И они вышли на улицу. Одинокие прохожие на улочках были погружены в себя. Явно — всем хотелось теперь расслабиться, отдохнуть, уйти в душевный отпуск… Тут же обнаружились припасенные деньги. И они понеслись: в кабак, к цыганам. Не так далеко был расположен Речной ресторан, там по вечерам танцевали и распевали свои песни «они» — «осколки» древнего мира, цыгане. Когда подходили к реке — не заметили даже, что стало вечереть.
Ресторан был огромен, но уютен и полупуст. Цыгане уже выступали на эстраде. И звуки музыки и неистовый внутренний танец захлестнул их души.
— Что-то близкое в этом есть, — пробормотала Катя.
— Эх, смешать бы эти ритмы с нашими, глубинными. А слова — из Олега что-нибудь, получился бы сильный напиток, — отозвалась Вика. — Любил же Блок цыганщину…

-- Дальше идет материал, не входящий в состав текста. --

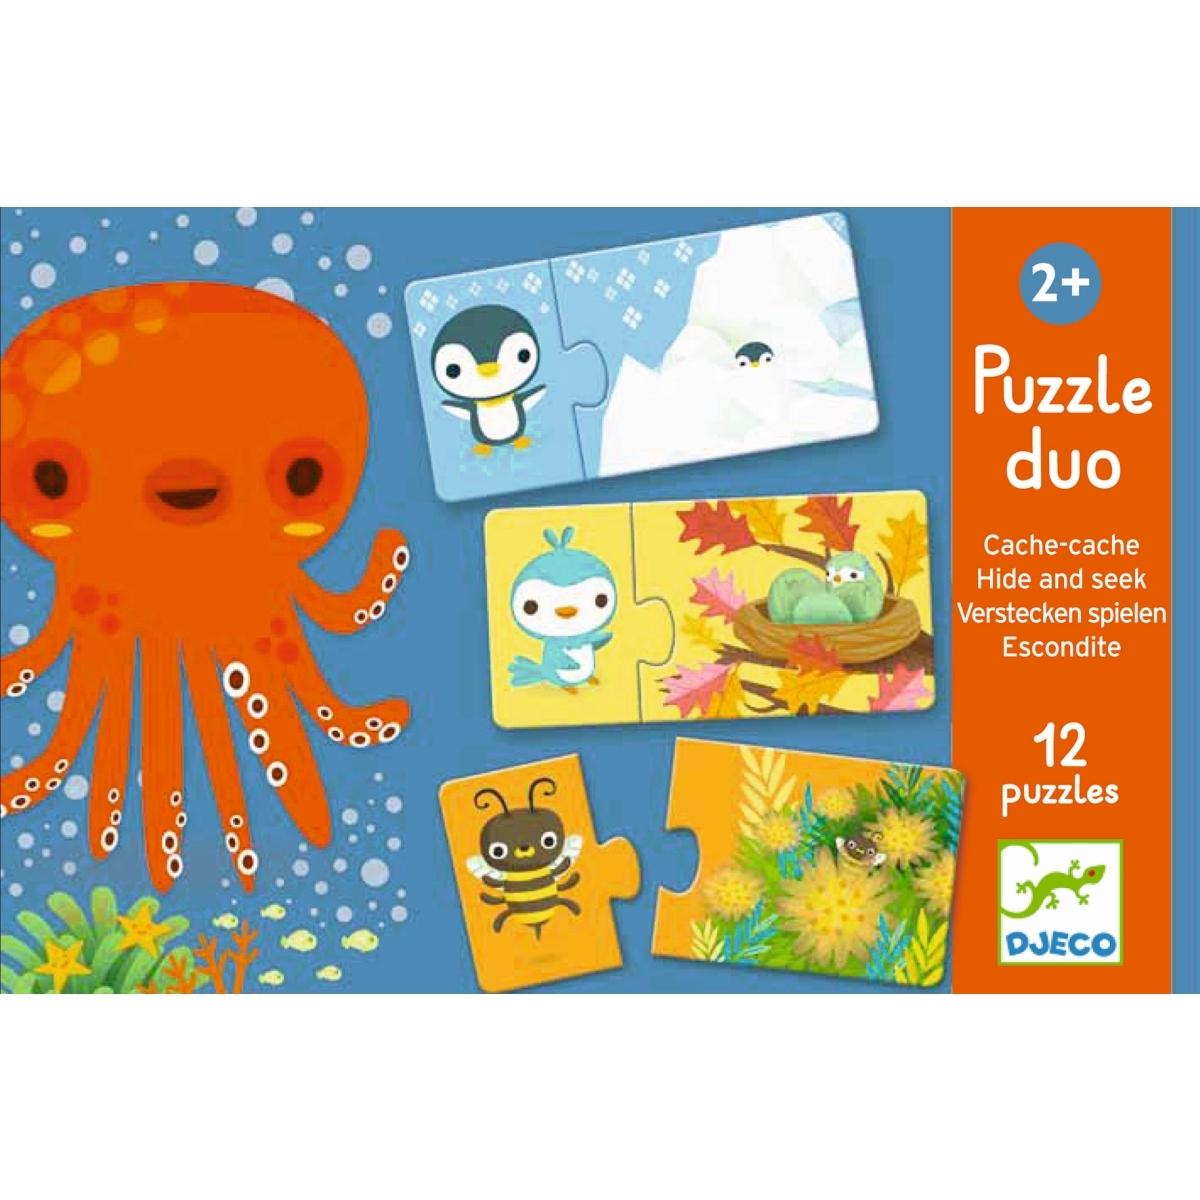 Djeco Puzzle duo Verstecken ab 2 Jahren

Было выбрано подходящее настроению вино. И опять возобновился разговор, но в его ритм и слова врывался уже вихрь цыганских напевов. Слова сливались с ними, со звоном бокалов и жаром глаз. Это была музыка — вне времени — но не вне душ. «Когда-то гордый и надменный, теперь с цыганкой я в раю: и вот прошу ее смиренно: спляши, цыганка, жизнь мою». Но этим цыганам, которые были перед ними, не удавалось сплясать современную жизнь: ее концы уходили в незнаемое будущее, где неизвестно, нашлось ли бы еще место для цыганских плясок; да и настоящее вырывалось из этих ритмов…
А беседа продолжалась, и ее слова были слишком многозначны для цыганских бедствий. Но музыка вносила свой подтекст.

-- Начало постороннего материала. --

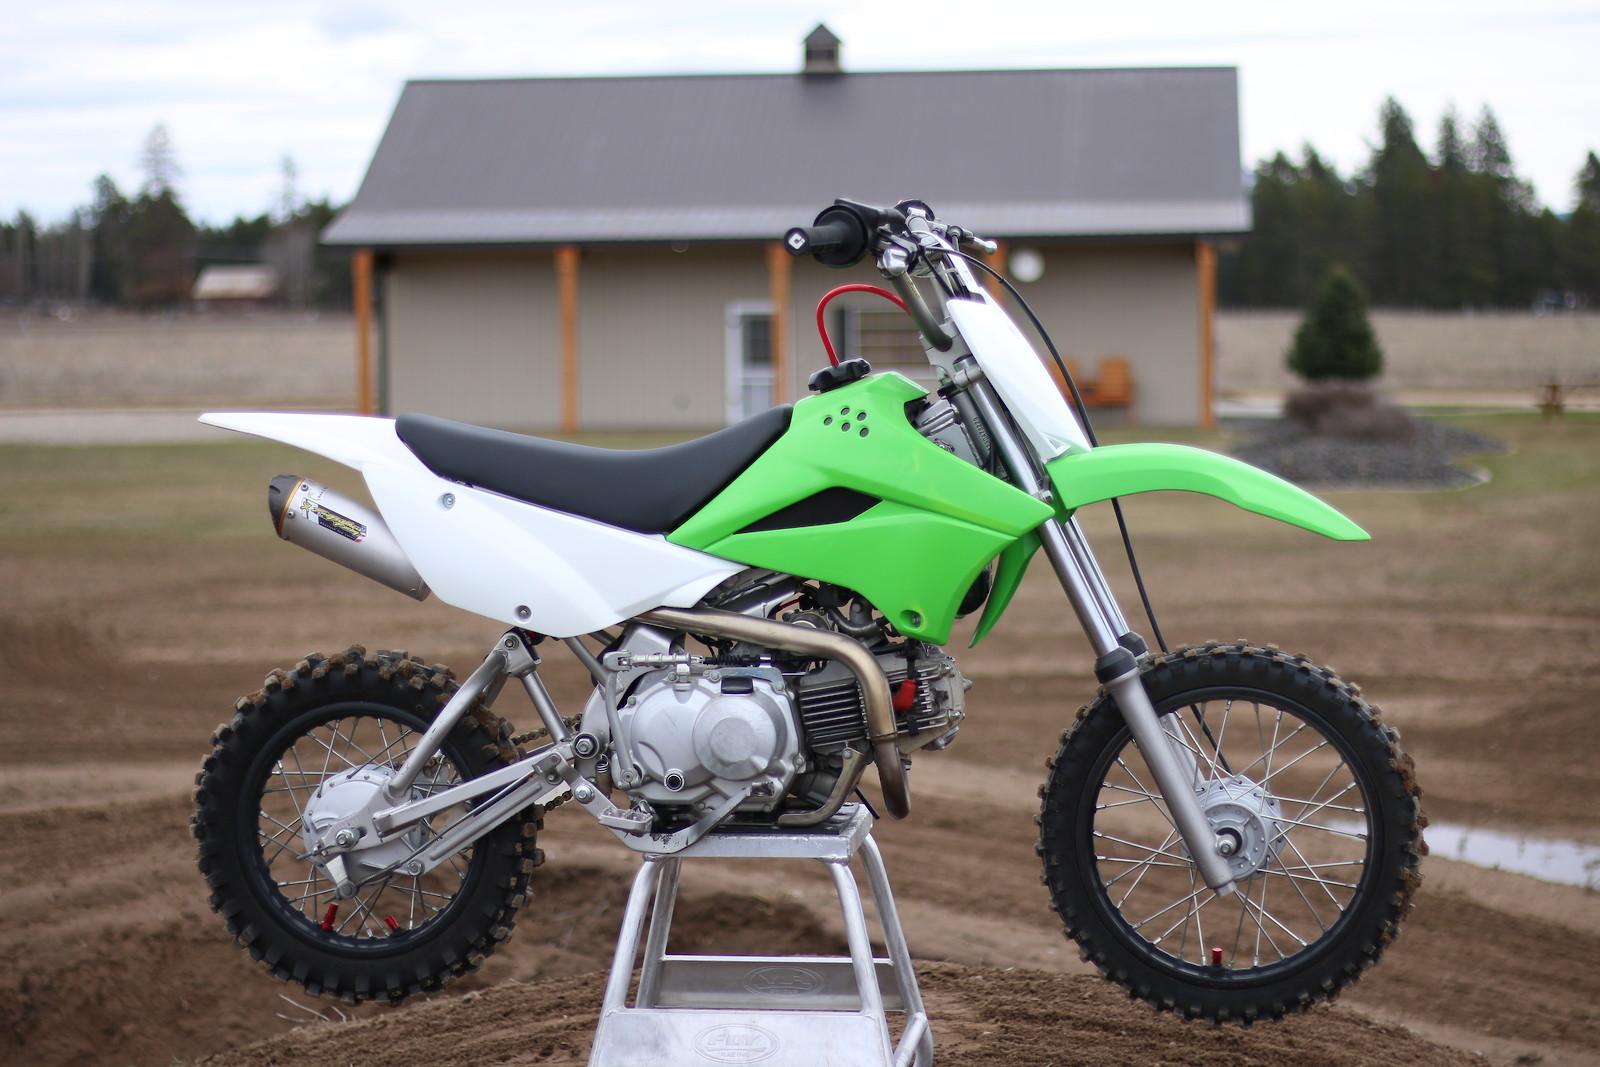 KLX110L - Cameron Niemela - Motocross Pictures - Vital MX

Разговор становился все более и более обрывочным, но стремительным и даже бешенным.
— Перейти, перейти через грань…
— А у него истерика: всюду, кричит, тюрьма! Жажда иного берега сводит его с ума.
— Лишь бы жить, лишь бы жить!
— Лишь бы покончить с жизнью… Но чтоб светила другая, там, за обрывом…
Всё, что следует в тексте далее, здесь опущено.